4.09.2009

Mastodon-Crack the Skye

Mastodon-Crack the Skye
2009; Reprise; Atlanta, Georgia
If you listen to Mastodon's drummer, Brann Dailor, he will tell you that this is what their new album, Crack the Skye, is about:

"It's about a crippled young man who experiments with astral travel. He goes up into outer space, goes too close to the sun, gets his golden umbilical cord burned off, flies into a wormhole, is thrust into the spirit real, has conversations with spirits about the fact that he's not really dead, and they decide to help him. They put him into a divination that's being performed by an early-20th-century Russian Orthodox sect called the Klisti, which Rasputin is part of.

"Knowing Rasputin is about to be murdered, they put the young boy's spirit inside of Rasputin. Rasputin goes to usurp the throne of the czar and is murdered by the Yusupovs, and the boy and Rasputin fly out of Rasputin's body up through the crack in the sky and head back. Rasputin gets him safely back into his body."

You know what? I went into this album not even knowing there WAS a story, so you can feel free to safely ignore this crackpot's ideas about his music, as long as his music is still good. And it is.

Progressive metal has been known for some time as the worst possible outcome of the genres it combines. It's snooty while being base, technically advanced without the slightest hint of dynamism, and always contains high-concept ideas with lyrics that wouldn't know depth or profundity if it slapped them right in the dick. If anything was going to pull this sad, sorry genre out of the mud, it wasn't going to be Dream Theater, it wasn't going to be Symphony-X and it sure as hell was not going to be the fucking Goddamn Flower Kings.
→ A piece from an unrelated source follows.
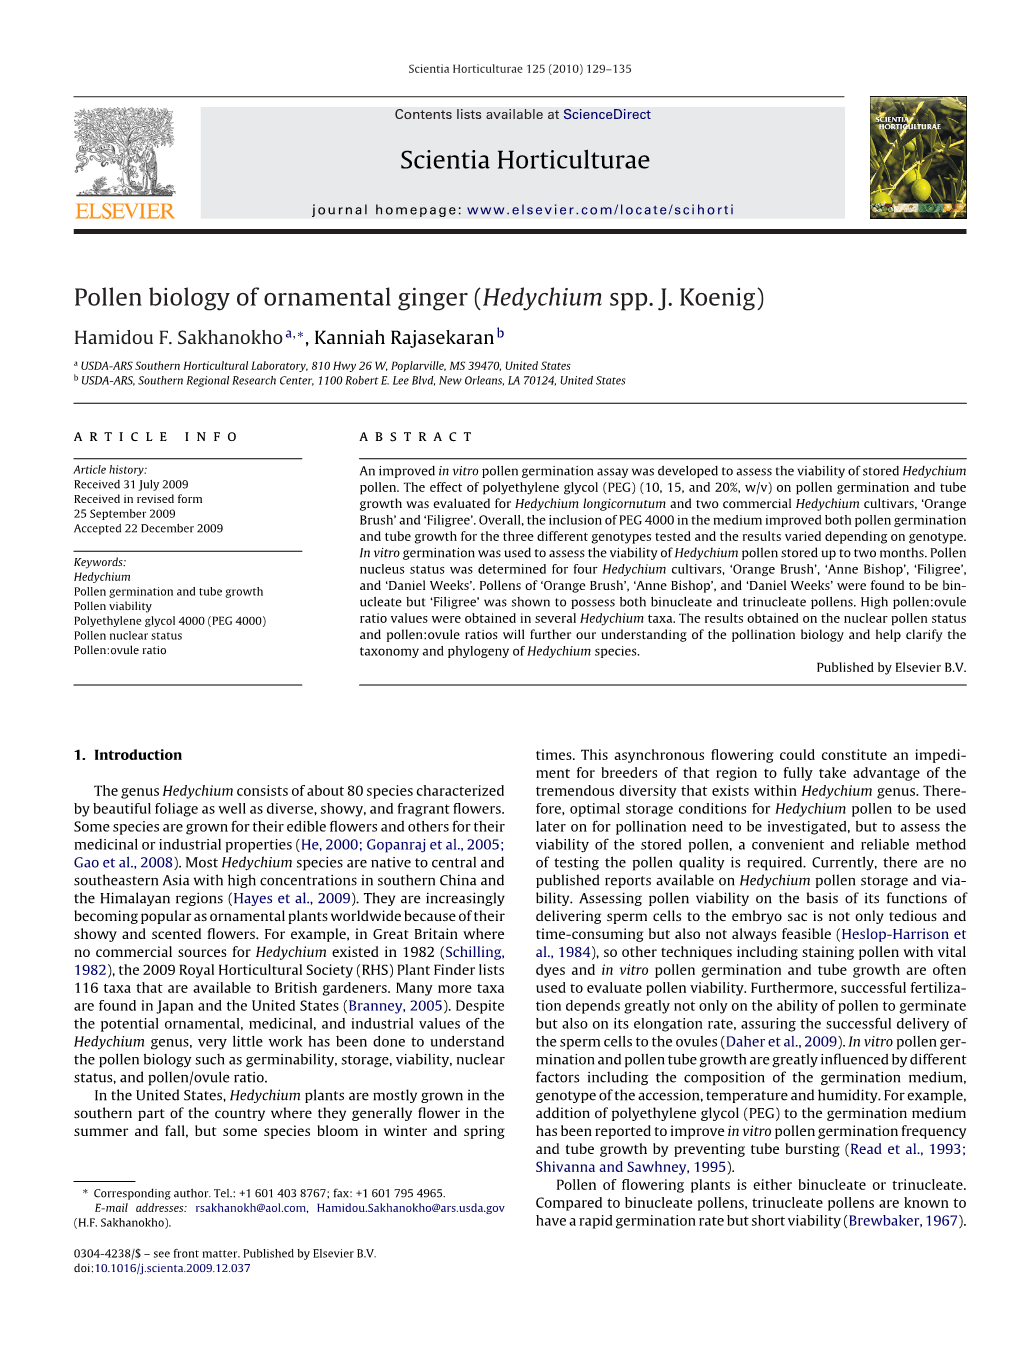 Pollen Biology of Ornamental Ginger (Hedychium Spp. J. Koenig)

And I guess Mastodon felt that, as long as they were the only listenable band in modern American metal already, they might as well scoop up the pieces of prog metal and build it into something that a normal person could conceivably get into. I think they might have succeeded.

To be fair, this trend of making progressive metal not completely embarrassing didn't start with Mastodon-Tool has been doing their damndest for over a decade, and Cynic recently released the sublime Traced in Air, which I would say was far and away the best album of 2008. Like the aforementioned album, what Crack the Skye does is strip away all the masturbatory guitar solos and all the strained lyrics and replace them with warped, psychadelic imagery and pure, thundering musicianship.

Is this really an album about a cripple possessing Rasputin or whatever? Maybe-I don't know and I don't care. I know that the lyrics come off as being completely open to interpretation. I know that the riffs are electric, the drums are heavy and the vocals are piercing. I know that the subtle moments make the dashes of fury all the more powerful and I know that "The Last Baron" is one of my favorite new songs in some time.

I also know that it doesn't feel pretentious or snobby, and I know it feels like it doesn't belong to an exclusive club that only music school graduates are allowed to enter. It feels like it has something to say, even if what it's saying isn't entirely straightforward, and it wants as many people as possible to hear it. That kind of sincerity comes along rarely in modern music and almost never in prog.

And yes, this album does have problems. A few of the songs get to sounding awfully similar after a while and on "Ghost of Karelia" they actually re-use a guitar riff from an earlier album, which is a level of laziness that I'm not positive I'm comfortable with. Yeah, the idea behind the whole thing, though easily ignorable, is irredeemably goofy and that cover art looks like something you'd see painted on the side of a van.

But I think if you like metal already-or if you're just looking for something new-you really don't have anything to lose with Crack the Skye. It manages to combine classic rock fundamentals, progressive musicianship, good old fashioned heavy metal and kaleidoscopic ideas and sounds in a way I've never quite seen before. It's definitely different, and it's definitely something metal bands are going to be trying to imitate for years to come. There's a thoughtful, intelligent musical revolution coming down the road, and it's being birthed out of the corpse of progressive heavy metal. Who knew?